Через стоянку шёл Трофимов в шинели поверх кителя, без фуражки. Он подошёл, остановился у крыла, заложил руки в карманы шинели.
— Видели? — Трофимов не смотрел мне в лицо.
— Захаров видел. — Я смотрел в землю у крыла.
— Сам — как? — Без интереса в голосе, по службе.
Я подумал секунду, что ответить. «Сбил» — это слово сейчас не помещалось во рту, оно было слишком плотным.
— Дым шёл за ним. Не передо мной.
Трофимов помолчал, поправил воротник.
— Запишем как вероятный. Подтвердят с земли — оформим. Не подтвердят — тоже не пропадёт. Гладкова дождёмся, спрошу.
Он постоял ещё секунду. Потом, не вынимая рук из карманов, отошёл к штабной.
Звено вернулось целым. Гладков с Резниковым сели вторым и третьим, Морозов с Тихоновым — четвёртым и пятым. У Морозова в правой консоли была одна пробоина — небольшая, с пятак, на выходе чуть больше. Прокопенко обошёл её, постучал костяшкой указательного — звук тот, что нужно. К ужину её зашьют.
Я сидел в землянке за столом, спиной к двери. Передо мной стояла кружка с чаем, ещё горячая. Я держал её в обеих руках — не одной, как обычно, а в обеих, ладонью одной и снизу другой, как держат, когда боятся пролить. Чай не дрожал в кружке. Кружка дрожала чуть — я её прижал плотнее к столу.
Гладков снял с гвоздя гармонь и сел напротив, на ящик у двери. Чехол с гармони не снял — положил на колени, поверх чехла погладил мех ладонью.
— Будем петь, когда война кончится, командир. — Гладков не глядел на меня.
Я узнал фразу. Он повторял её ещё в июле, у Орши, в первый раз, когда я её услышал. Сегодня — третий или четвёртый.
— Будем, Жора. — Кружку я держал плотнее.
Захаров сидел у окна и смотрел в темноту. Темнело сейчас рано, к четырём уже сумерки, к пяти — ночь. Дроздов на нарах лежал лицом к стене. Резников у дальнего стола вынул записную книжку, положил перед собой, раскрыл — но не на пишущей странице, а на пустой. Карандаш он держал над страницей, не касаясь её. Так и сидел.
Я отпил из кружки. Чай был сладкий — Прокопенко, видимо, передал кому-то лишний кусок. Сахар в полку шёл по норме, и лишний кусок означал, что кому-то дали — а не дали, кто пьёт по-обычному.
В нагрудный я полез не сразу. Сначала вынул из кармана галифе огрызок карандаша, потом отвернулся от Гладкова и достал конверт, два листка от семнадцатого октября, листок с ПП 1187. Сложил их на столе аккуратной стопкой. Конверт от двадцать пятого — отдельно.

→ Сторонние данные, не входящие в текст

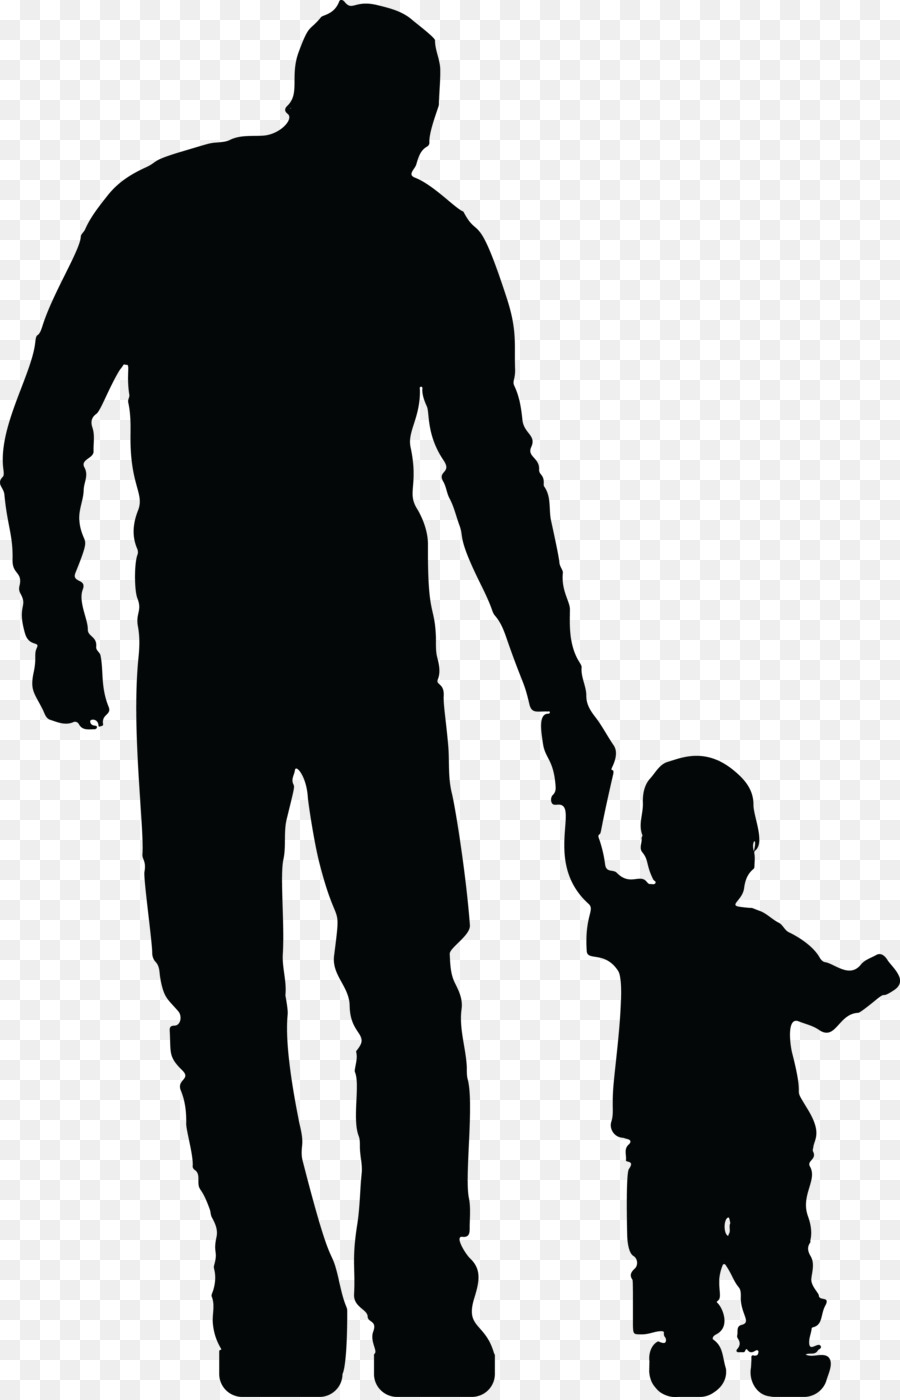 png download - 4000*6207 - Free Transparent Father png ...

Что писать о бое — нельзя. Это пойдёт в военную цензуру и вычеркнут половину, а вторую половину перечтут в полку, и Бурцев потом мне скажет «не надо». Что писать о параде — тоже нечем. Я его не видел. Я его слышал. Она его тоже слышала, наверняка слышала, может быть, в её госпитале точно так же стояли все вокруг радио. Об этом писать ей нечем — это у нас одинаковое.
Оставались снег и стоянка.
Я взял листок, положил перед собой, пододвинул карандаш. Подумал. Написал.
«Здравствуйте, Вера. У нас выпал снег. Сегодня я зашёл к машине и долго стоял у крыла. Думал о Москве.»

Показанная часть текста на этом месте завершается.